§ **PROBLEM DETAILS**:
Repeat only the lines from the one containing "REAR VIEW OF PEOPLE DANCING IN NIGHTCLUB" to the final line below, exactly as they read, and leave every picture out.

§ **DATA PROVIDED**:
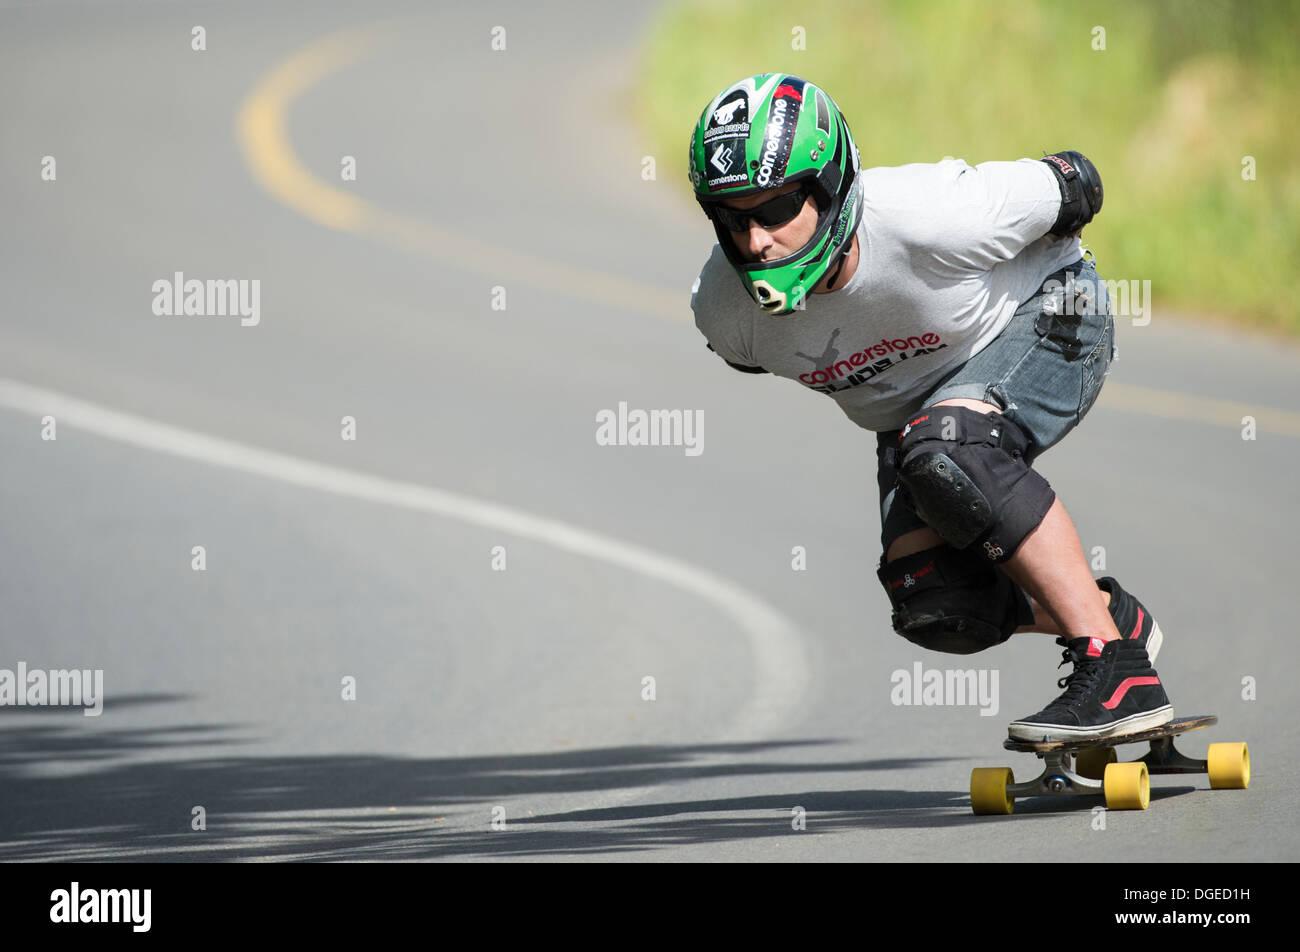 Skateboard longboard formazione uomo in discesa su strada pubblica Immagini Stock
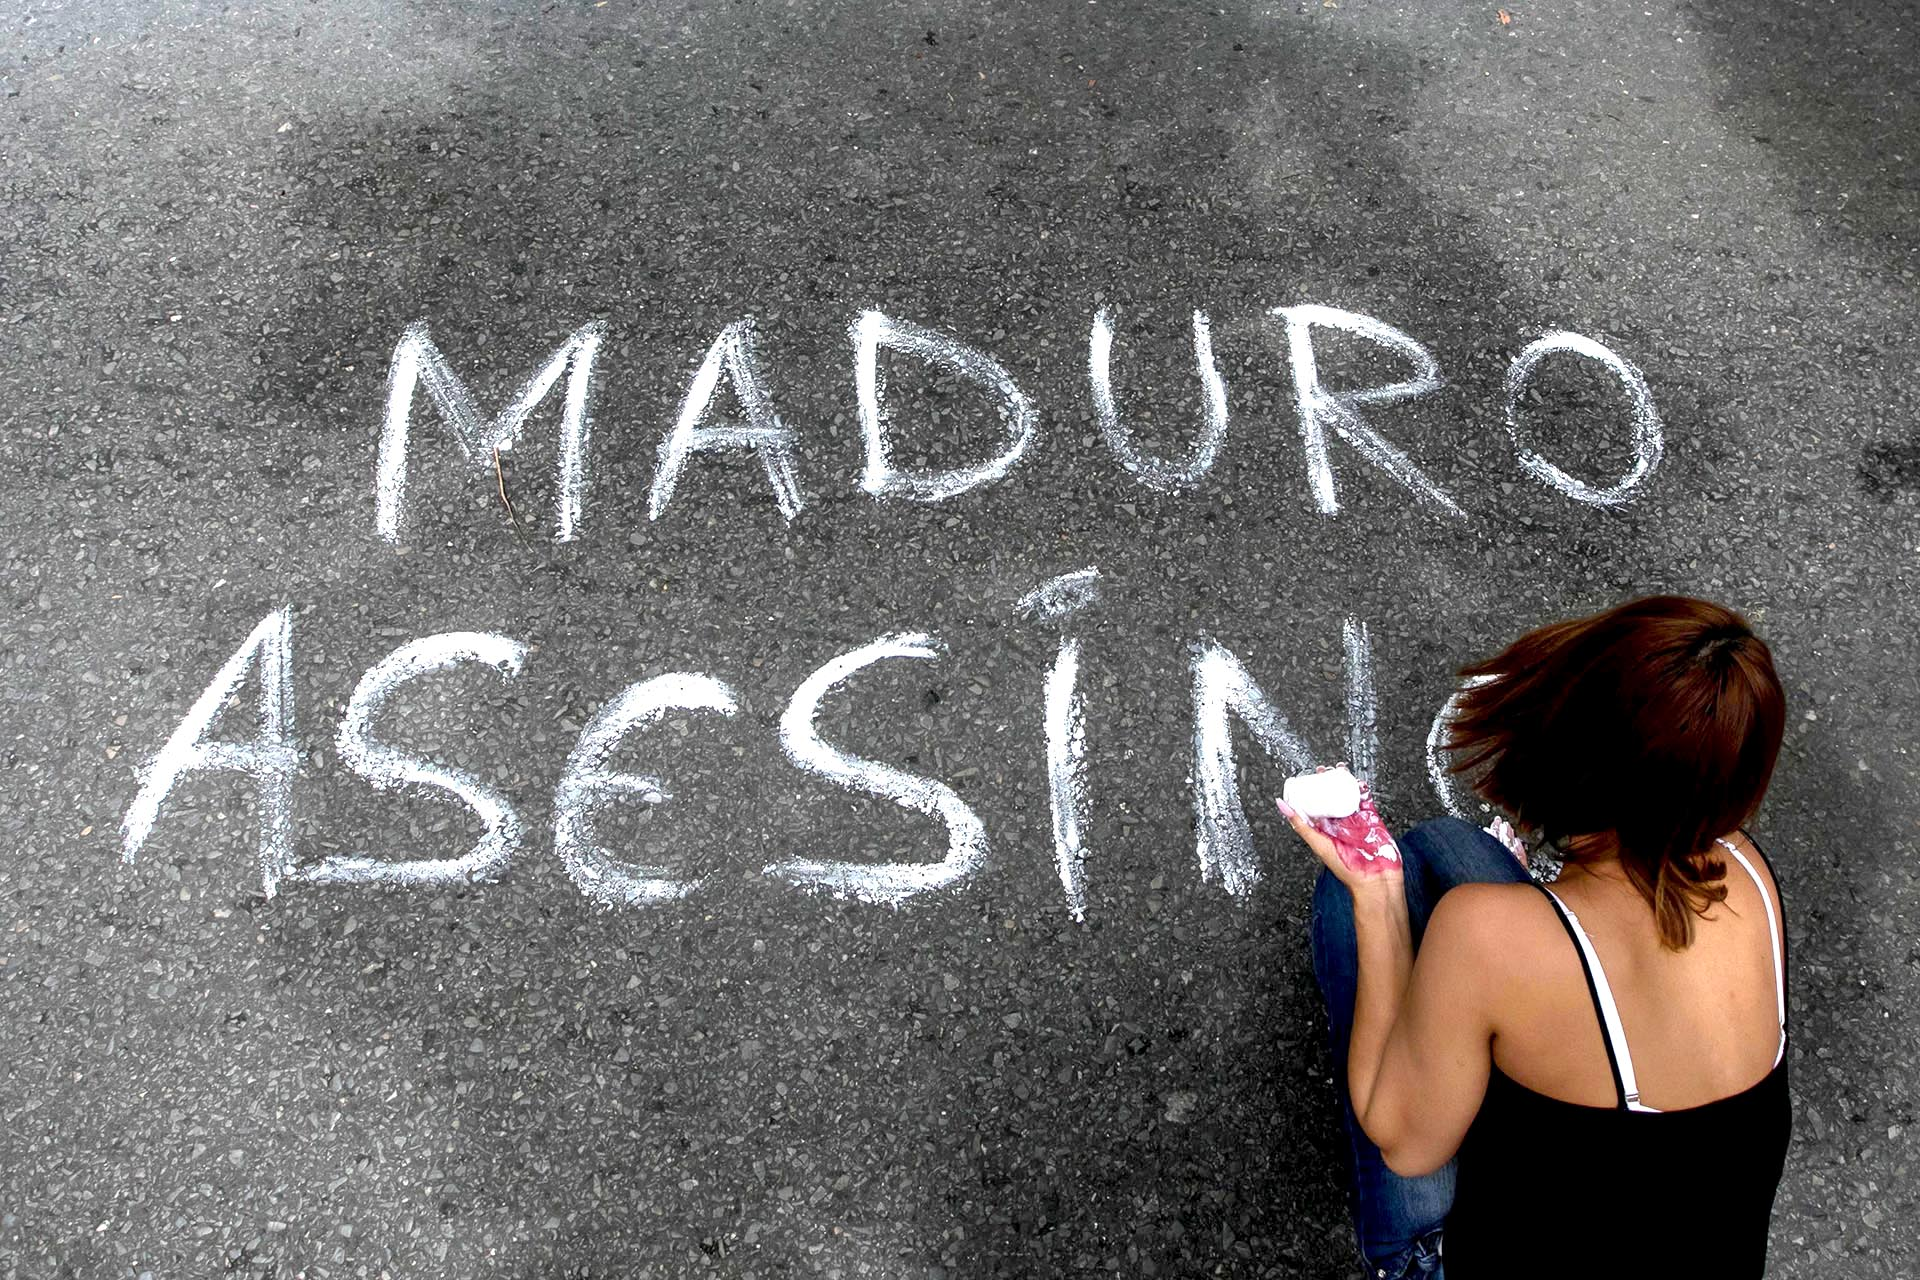 Una mujer escribe un mensaje sobre el asfalto durante una manifestación en Caracas
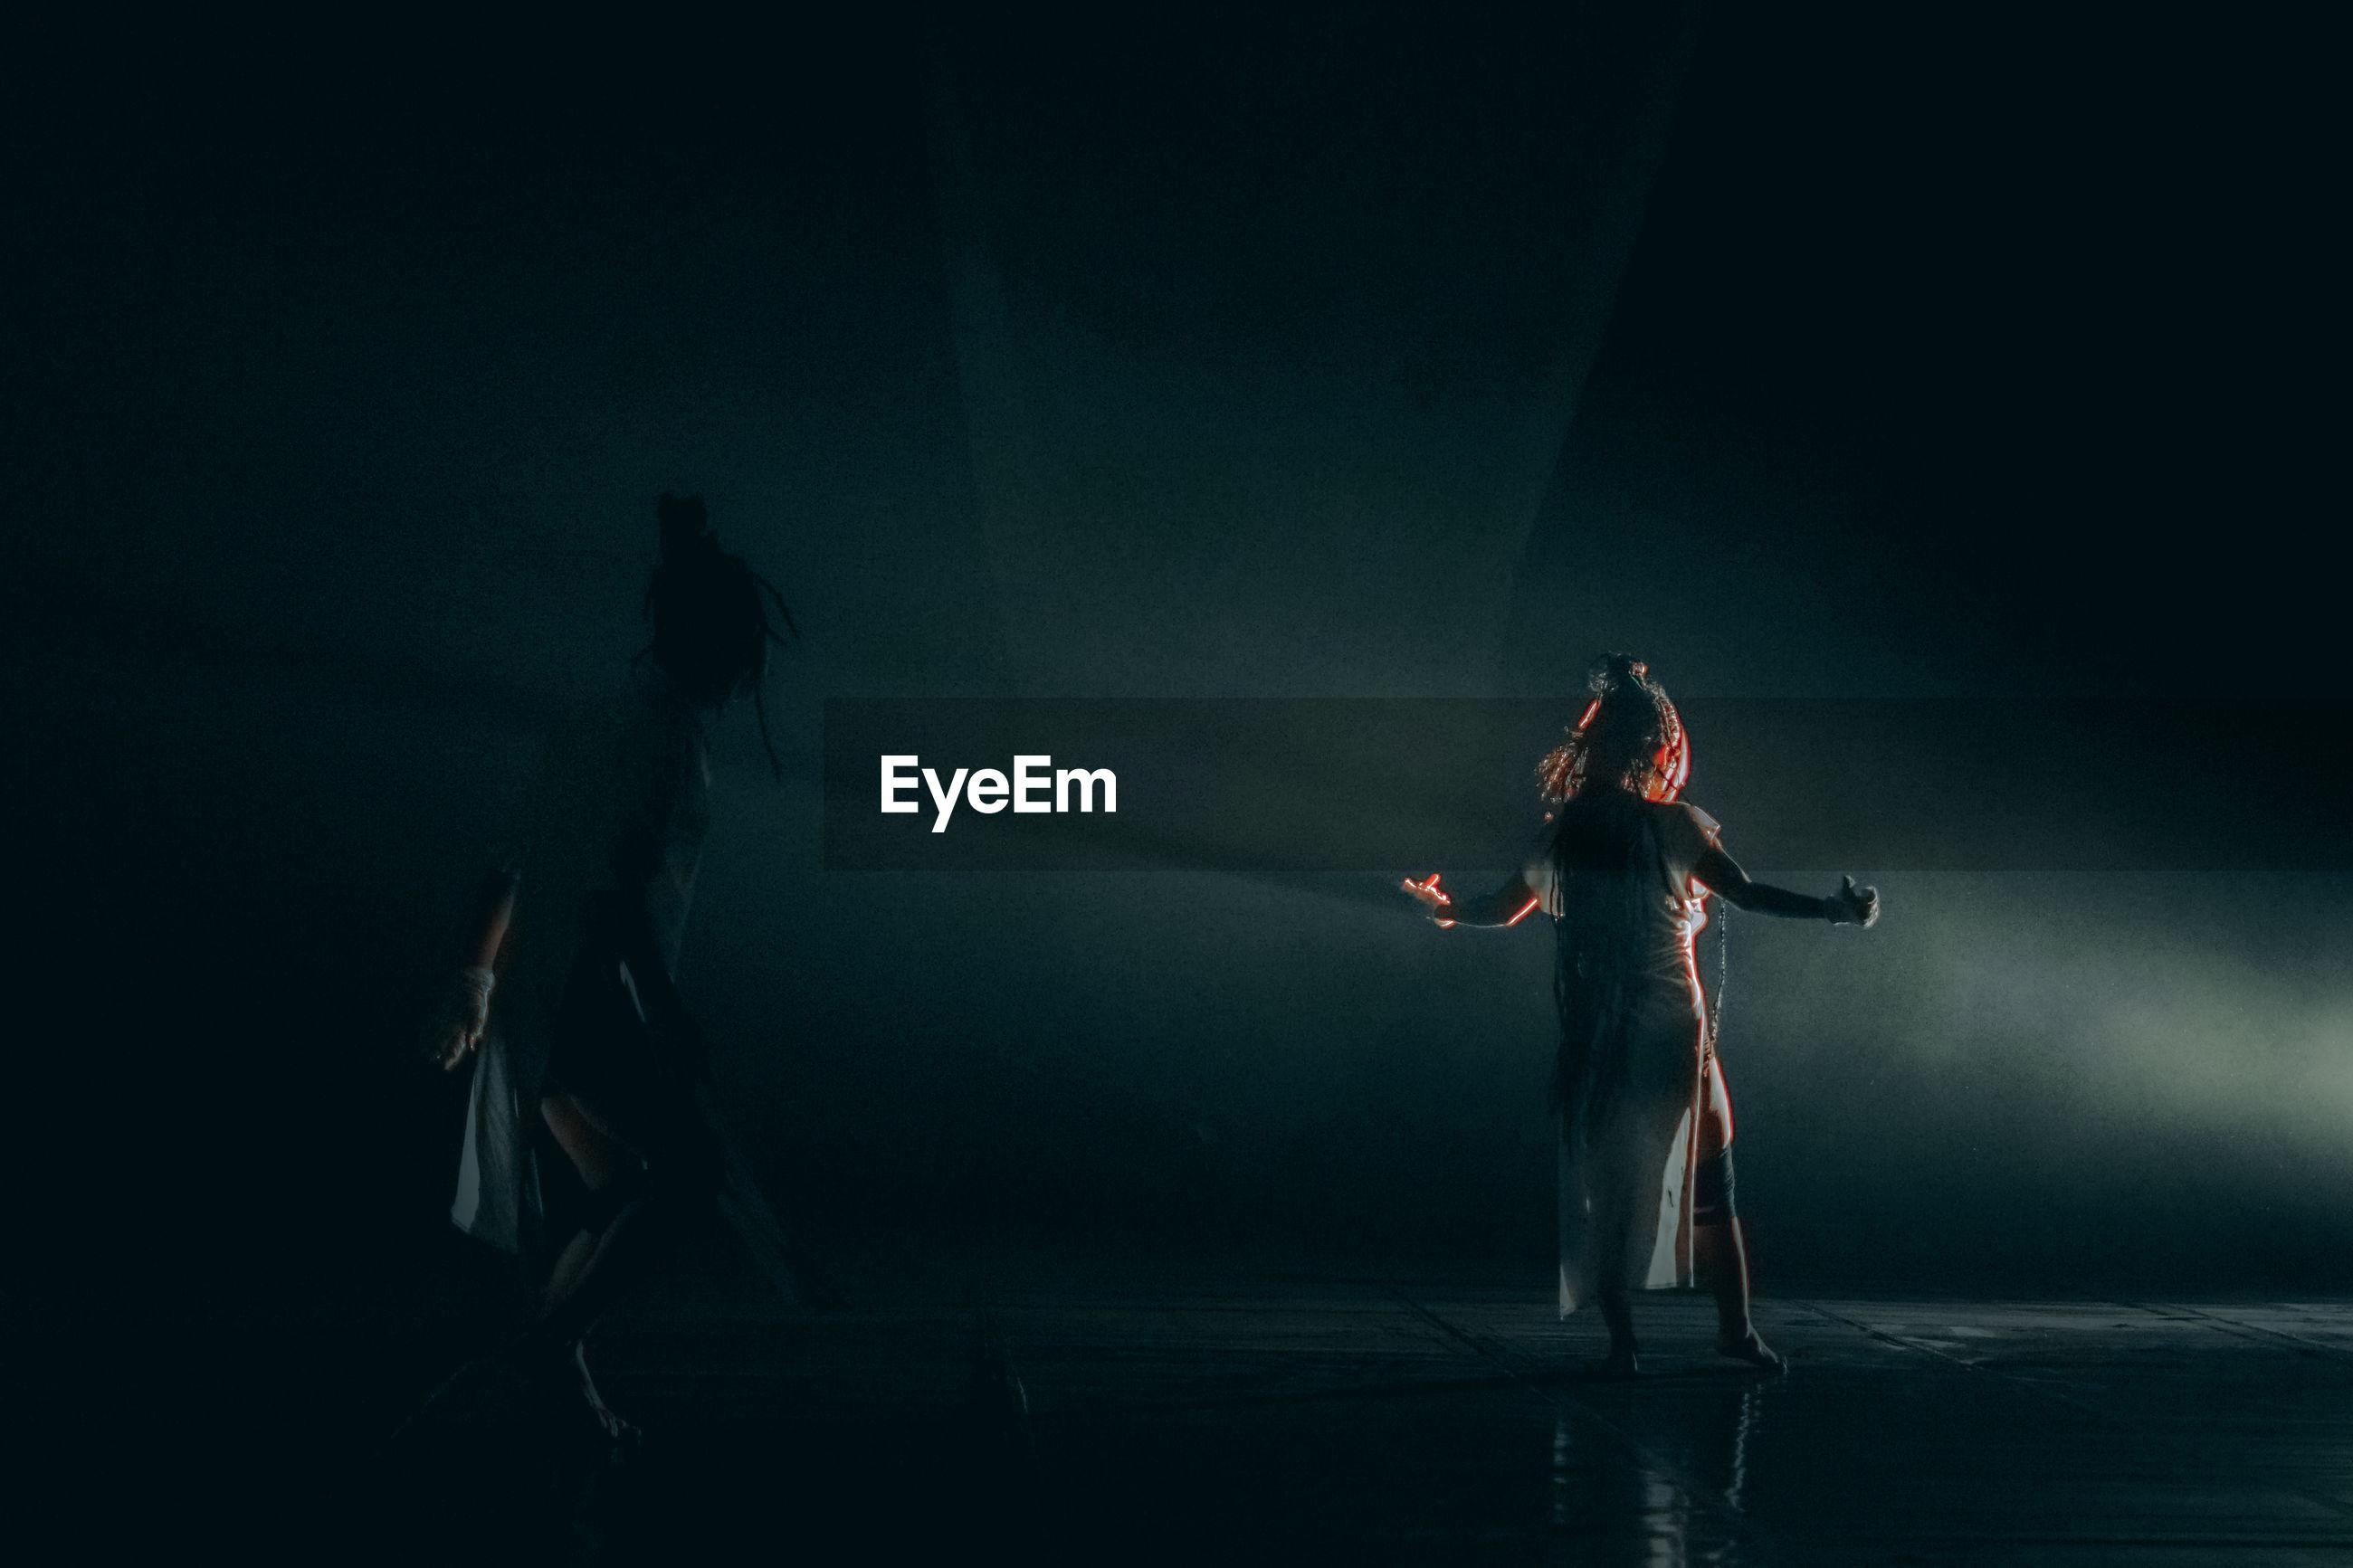 REAR VIEW OF PEOPLE DANCING IN NIGHTCLUB
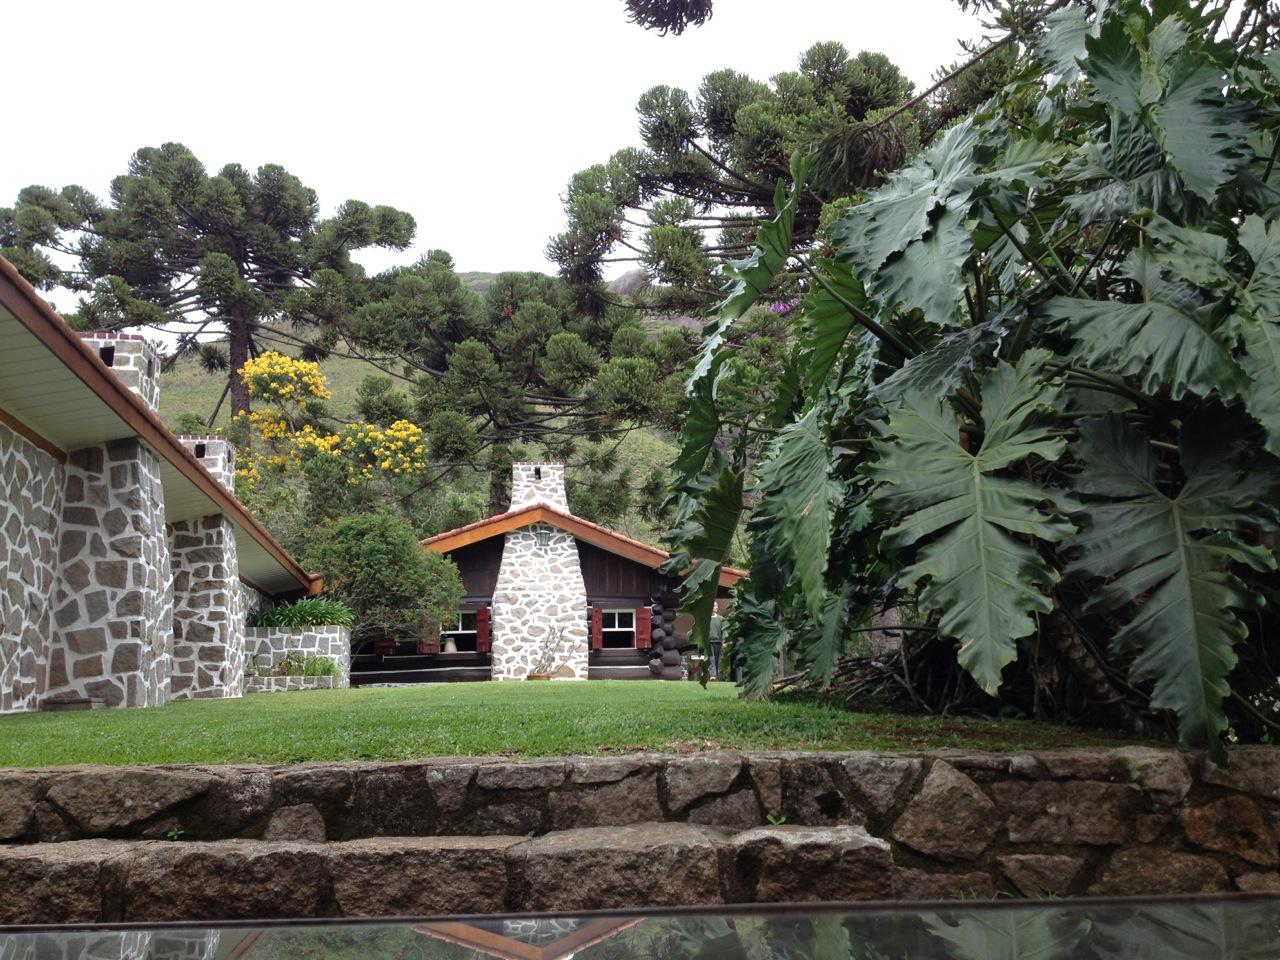 一戸建て のために 売買 アット Charm and coziness at an gorgeous location Rodovia Teresópolis-Itaipava Teresopolis, リオデジャネイロ, 25966-200 ブラジル

§ **ANSWER TO THE EXERCISE**:
 REAR VIEW OF PEOPLE DANCING IN NIGHTCLUB
 一戸建て のために 売買 アット Charm and coziness at an gorgeous location Rodovia Teresópolis-Itaipava Teresopolis, リオデジャネイロ, 25966-200 ブラジル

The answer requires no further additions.